Records for processing:
----
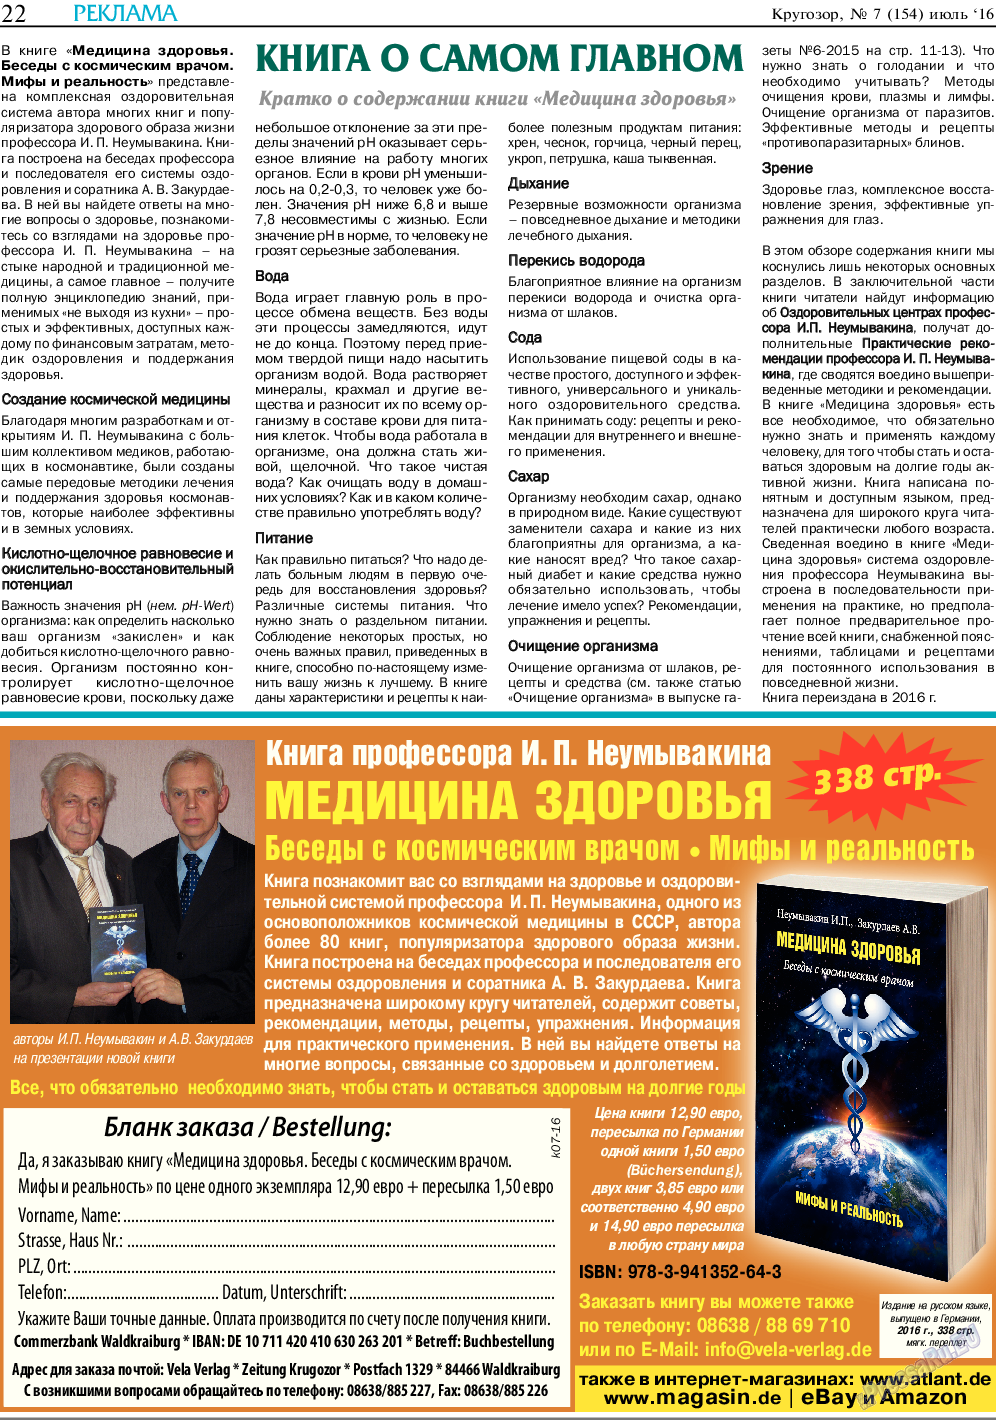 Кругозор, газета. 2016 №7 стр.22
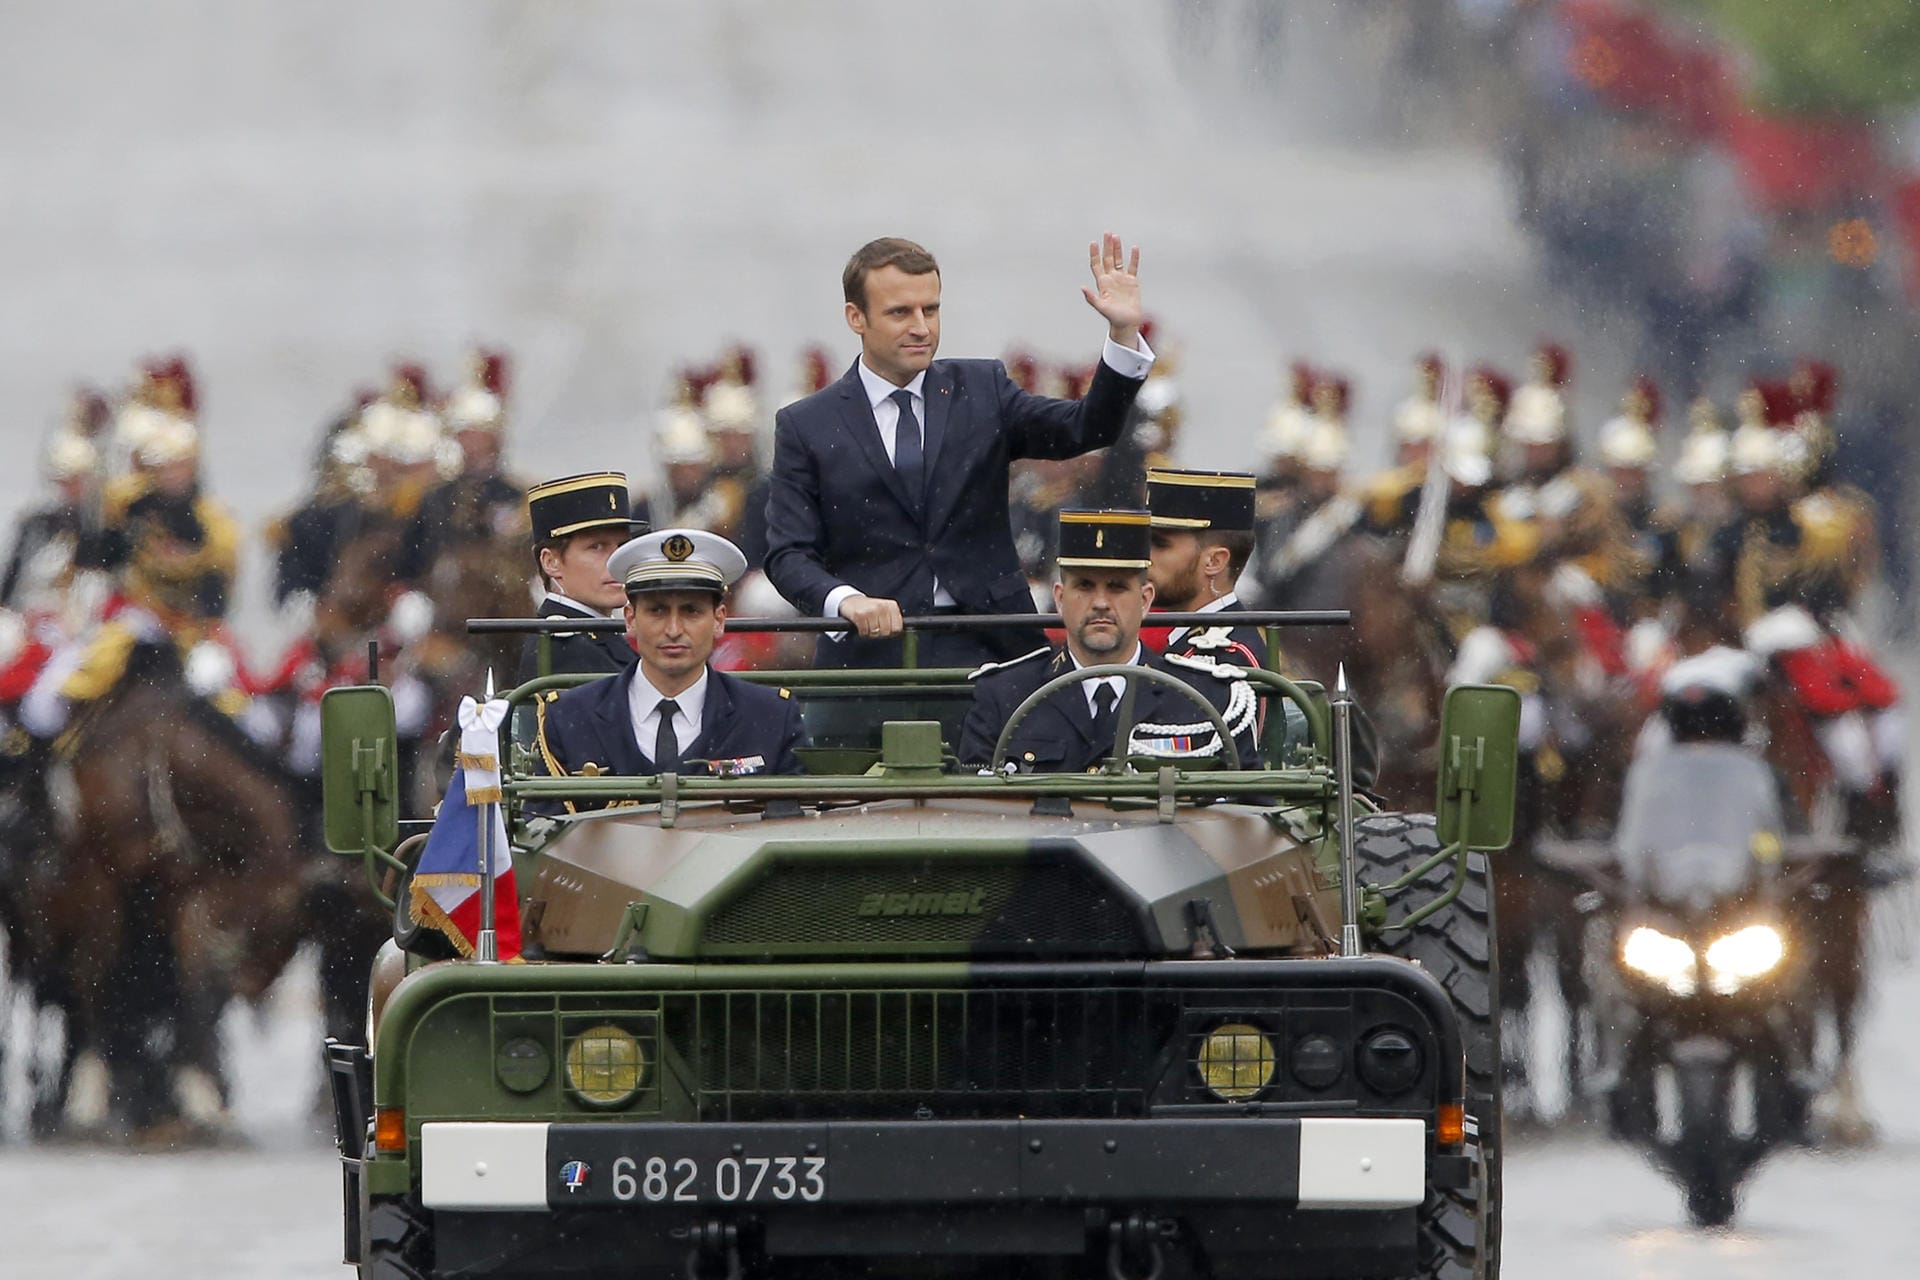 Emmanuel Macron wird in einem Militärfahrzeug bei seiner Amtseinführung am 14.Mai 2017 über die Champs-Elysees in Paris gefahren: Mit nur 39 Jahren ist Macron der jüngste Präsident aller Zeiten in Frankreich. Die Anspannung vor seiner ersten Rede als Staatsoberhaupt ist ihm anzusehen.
----
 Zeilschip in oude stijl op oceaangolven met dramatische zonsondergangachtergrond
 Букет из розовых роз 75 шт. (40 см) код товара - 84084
----
What to do: Where the line holding "Zeilschip in oude" appears in the listing above, start reproducing exactly, and end with the line holding "Букет из розовых".

Solution to this problem:
 Zeilschip in oude stijl op oceaangolven met dramatische zonsondergangachtergrond
 Букет из розовых роз 75 шт. (40 см) код товара - 84084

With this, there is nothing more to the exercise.